Title

Exercise: A.2 - Multi-collinearity vs Model Predictions

Description

The goal of this exercise is to see how multi-collinearity can affect the predictions of a model.

For this, perform a multi-linear regression on the given dataset and compare the coefficients with those from simple linear regression of the individual predictors.

Roadmap

  • Read the dataset 'colinearity.csv' as a dataframe
  • For each of the predictor variable, create a linear regression model with the same response variable
  • Compute the coefficients for each model and store in a list.
  • Fit all predictors using a separate multi-linear regression object
  • Calculate the coefficients of each model
  • Compare the coefficients of the multi-linear regression model with those of the simple linear regression model.
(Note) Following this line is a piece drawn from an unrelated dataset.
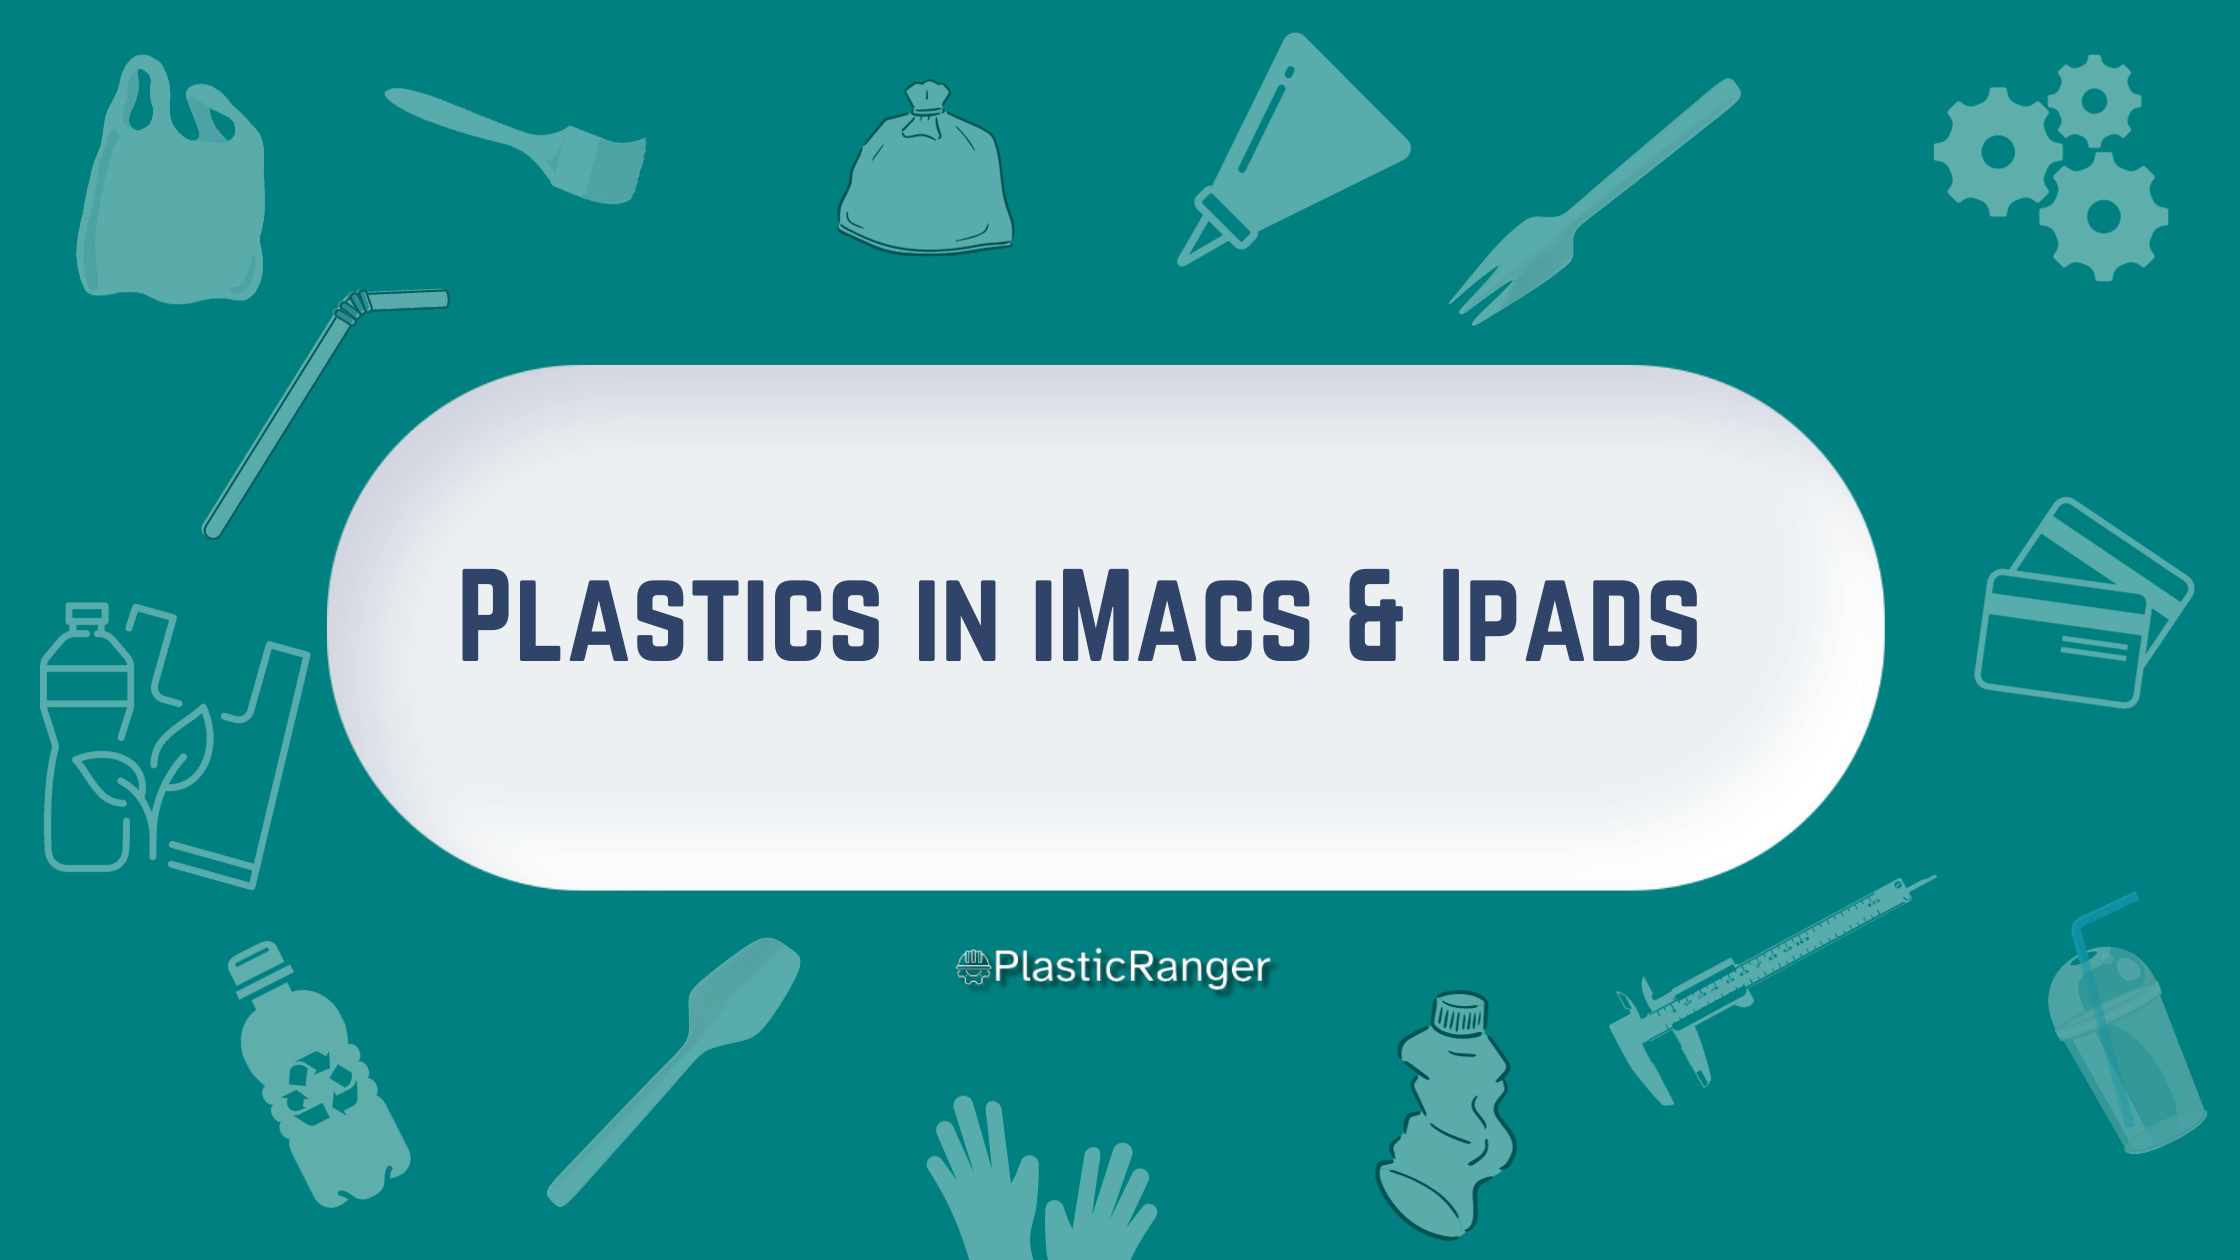 PLASTICS IN IMACS 6 IPADS

DISCUSSION: Why do you think the coefficients change and what does it mean?

Hints

LinearRegression() : Returns a linear regression object from the sklearn library.

LinearRegression().coef_ : This attribute returns the coefficient(s) of the linear regression object

sklearn.fit() : Fit linear model

df.reshape() : Return a ndarray with the values in the specified shape

Note: This exercise is auto-graded and you can try multiple attempts.

In [2]:
# import libraries
import pandas as pd
import numpy as np
import seaborn as sns 
import matplotlib.pyplot as plt
from sklearn.linear_model import LinearRegression
from pprint import pprint
%matplotlib inline
In [3]:
# Read the file named "colinearity.csv"

df = pd.read_csv("colinearity.csv")
In [5]:
#Take a quick look at the dataset

df.head()
Out[5]:
x1 x2 x3 x4 y
0 -1.109823 -1.172554 -0.897949 -6.572526 -158.193913
1 0.288381 0.360526 2.298690 3.884887 198.312926
2 -1.059194 0.833067 0.285517 -1.225931 12.152087
3 0.226017 1.979367 0.744038 5.380823 190.281938
4 0.664165 -1.373739 0.317570 -0.437413 -72.681681

Creation of Linear Regression Objects

In [9]:
# Choose all the predictors as the variable 'X' (note capitalization of X for multiple features)

X = df.drop([___],axis=1)

# Choose the response variable 'y' for y values

y = df.___
In [13]:
### edTest(test_coeff) ###

# Here we create a dictionary that will store the Beta values of each linear regression model
linear_coef = []

for i in X:
    
    x = df[[___]]

    #Create a linear regression object
    linreg = ____

    #Fit it with training values. 
    #Remember to choose only one column at a time as the predictor variable
    linreg.fit(___,___)
    
    # Add the coefficient value of the model to the list
    linear_coef.append(linreg.coef_)

Multi-Linear Regression using all variables

In [20]:
# Here you must do a multi-linear regression with all predictors

# use sklearn library to define a new model 'multi_linear'
multi_linear = ____

# Fit the multi-linear regression on all features and the response

multi_linear.fit(___,___)

# append the coefficients (plural) of the model to a variable multi_coef

multi_coef = multi_linear.coef_

Printing the individual $\beta$ values

In [24]:
# Run this command to see the beta values of the linear regression models

print('By simple(one variable) linear regression for each variable:', sep = '\n')

for i in range(4):
    
    pprint(f'Value of beta{i+1} = {linear_coef[i][0]:.2f}')
By simple(one variable) linear regression for each variable:
'Value of beta1 = 34.73'
'Value of beta2 = 68.63'
'Value of beta3 = 59.40'
'Value of beta4 = 20.92'
In [26]:
### edTest(test_multi_coeff) ###

#Now let's compare with the values from the multi-linear regression
print('By multi-Linear regression on all variables')
for i in range(4):
    pprint(f'Value of beta{i+1} = {round(multi_coef[i],2)}')
By multi-Linear regression on all variables
'Value of beta1 = -24.61'
'Value of beta2 = 27.72'
'Value of beta3 = 37.67'
'Value of beta4 = 19.27'

Why do you think the $\beta$ values are different in the two cases?

In [27]:
corrMatrix = df[['x1','x2','x3','x4']].corr() 
sns.heatmap(corrMatrix, annot=True) 
plt.show()